Task objective:
Full transcription, minus images: write out the listing below exactly as it appears.

Dataset content:

==================================================

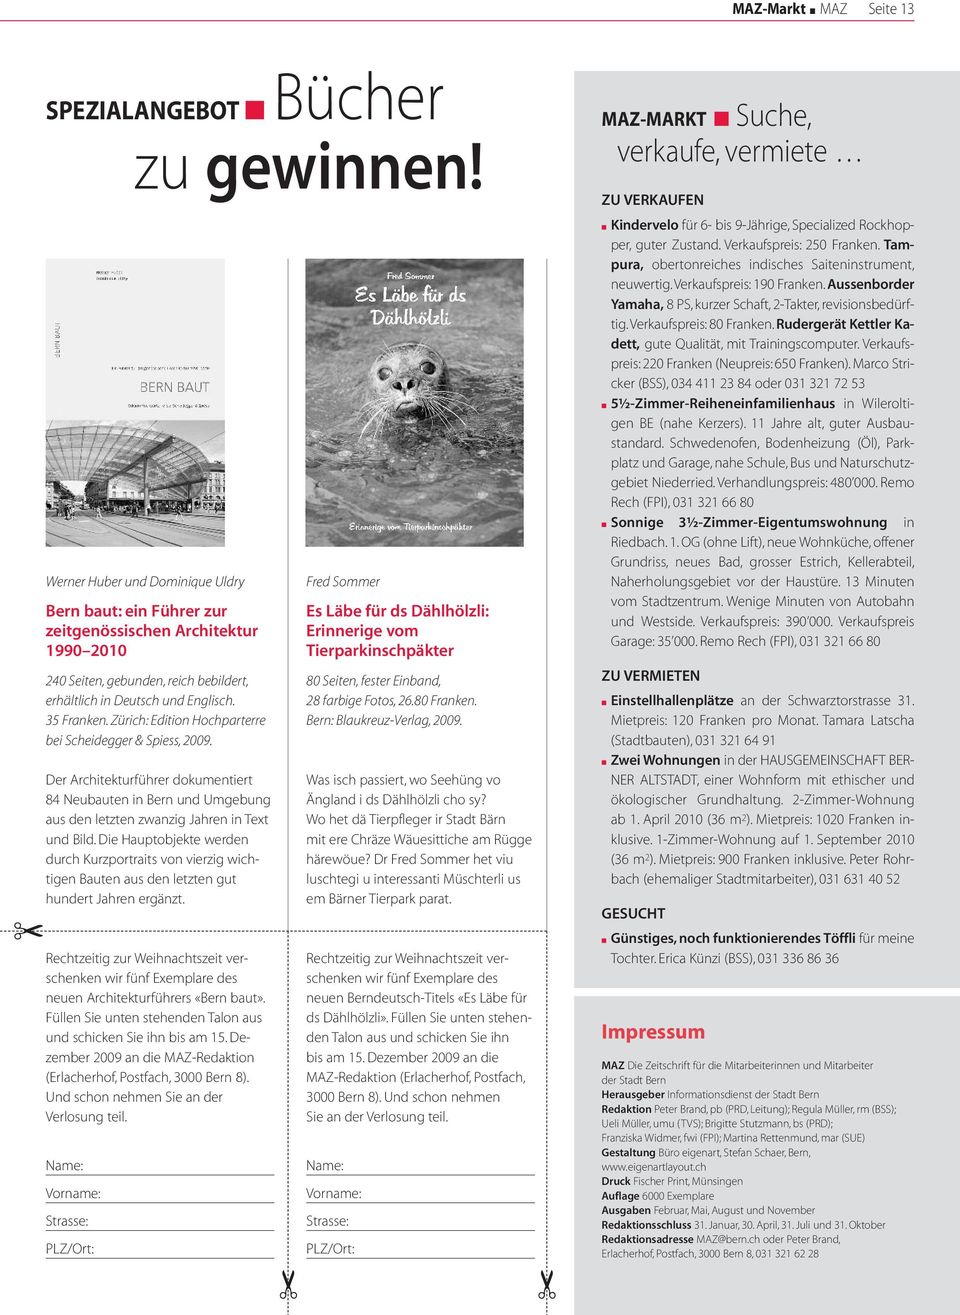 Zürich: Edition Hochparterre bei Scheidegger & Spiess, 2009. Der Architekturführer dokumentiert 84 Neubauten in Bern und Umgebung aus den letzten zwanzig Jahren in Text und Bild.
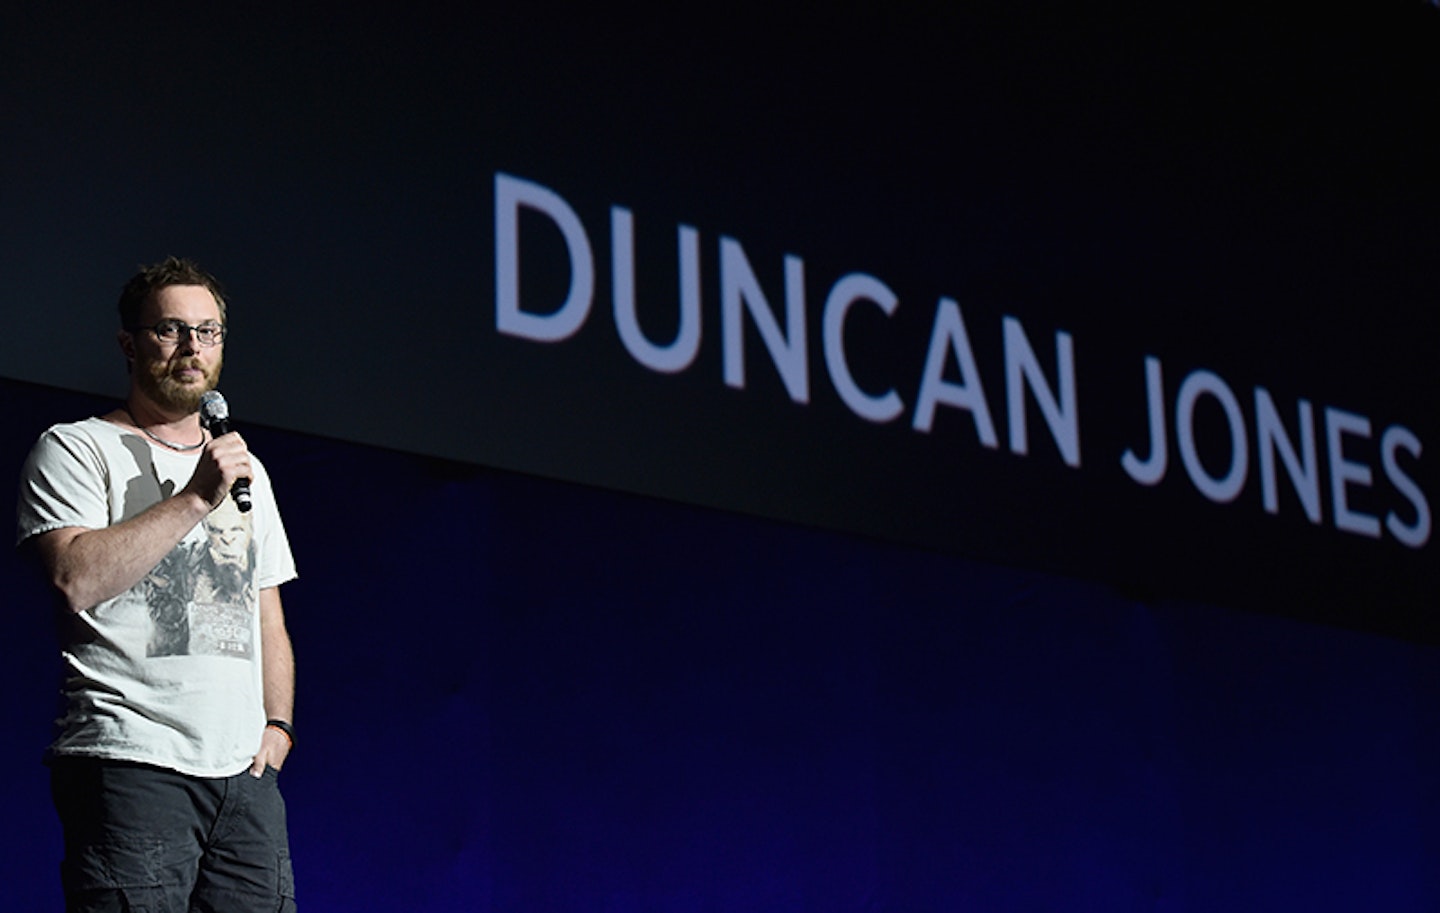 Duncan-Jones
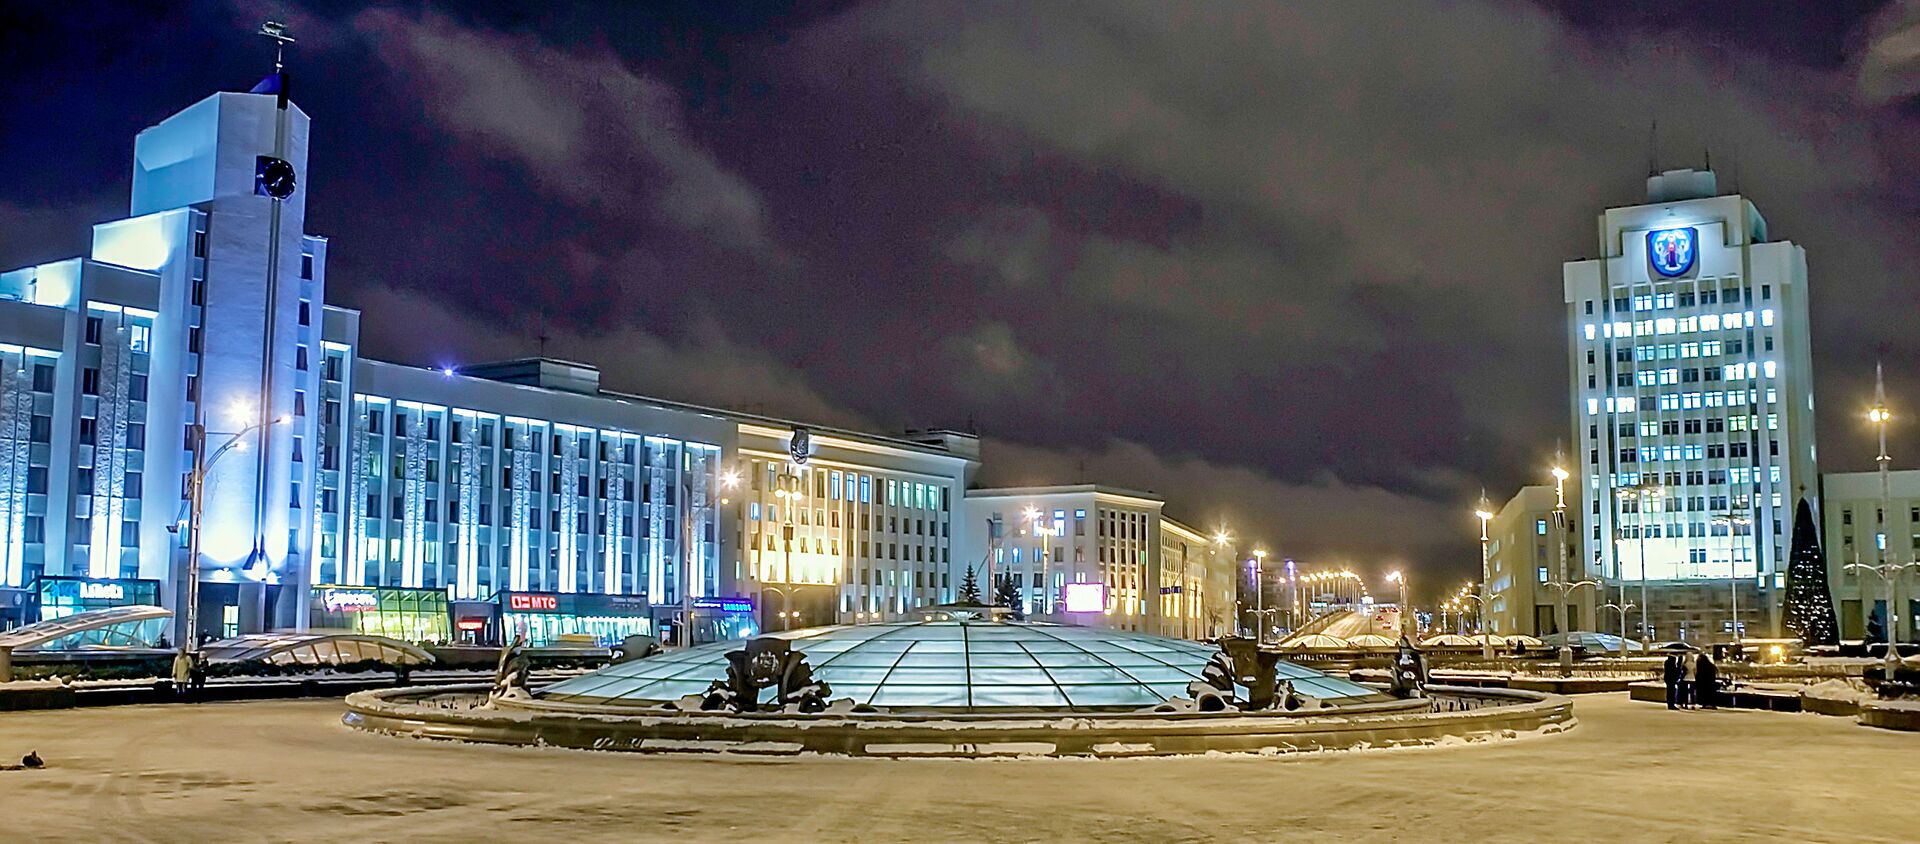 Площадь Независимости в Минске, архивное фото - Sputnik Lietuva, 1920, 01.12.2020
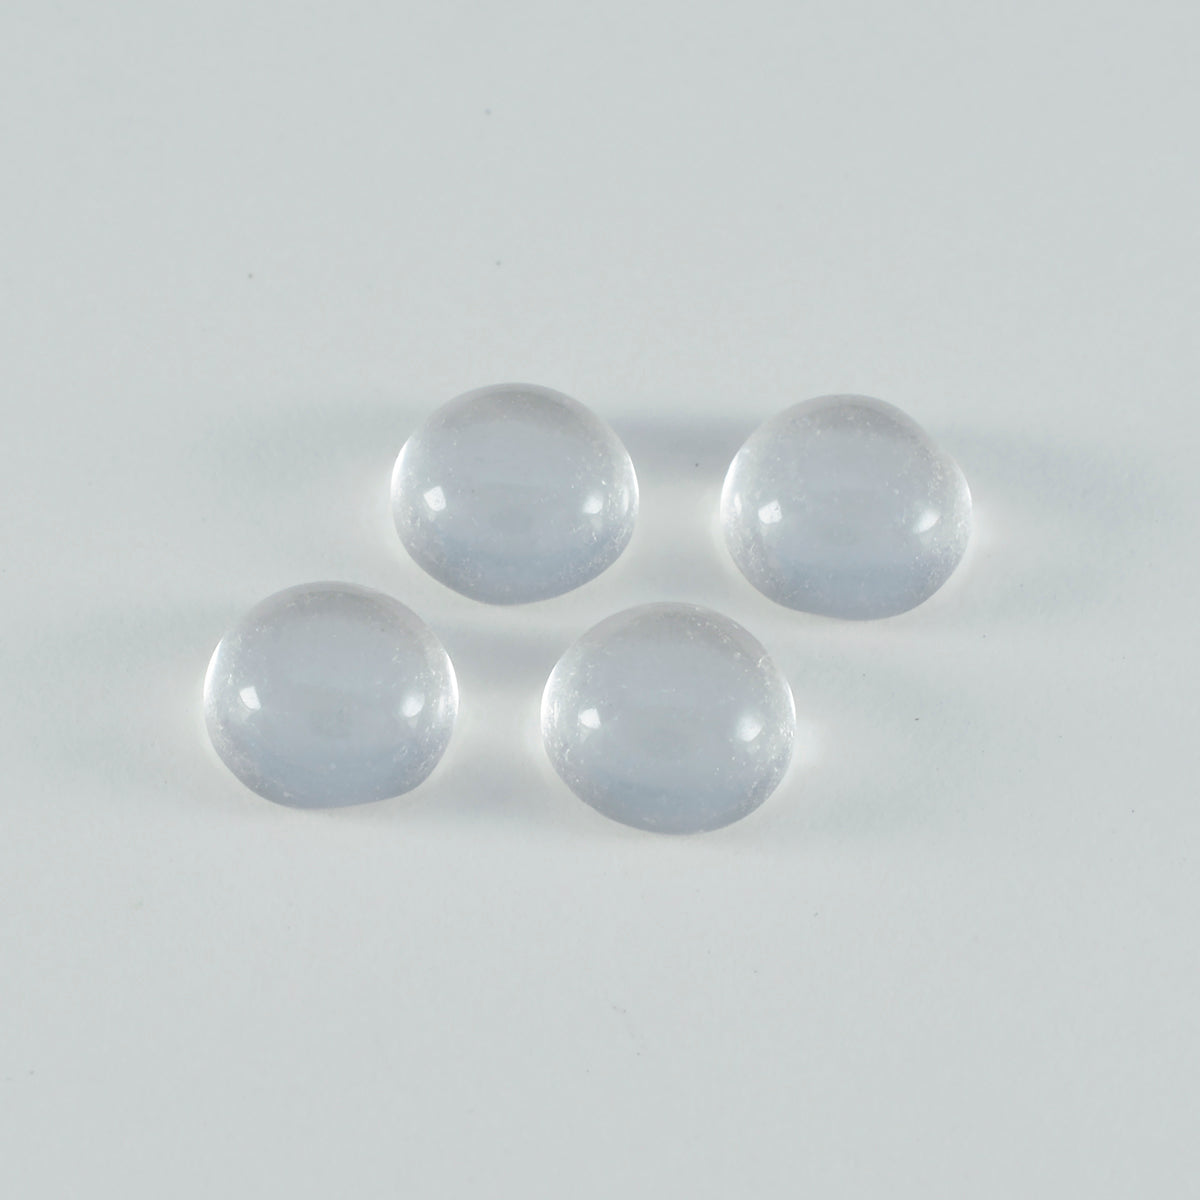 riyogems 1 шт. кабошон из белого кристалла кварца 6x6 мм круглой формы + качество, свободный драгоценный камень

==================================================

Reply to the exercise:
 Zürich: Edition Hochparterre bei Scheidegger & Spiess, 2009. Der Architekturführer dokumentiert 84 Neubauten in Bern und Umgebung aus den letzten zwanzig Jahren in Text und Bild.
 Duncan-Jones
 Площадь Независимости в Минске, архивное фото - Sputnik Lietuva, 1920, 01.12.2020
 riyogems 1 шт. кабошон из белого кристалла кварца 6x6 мм круглой формы + качество, свободный драгоценный камень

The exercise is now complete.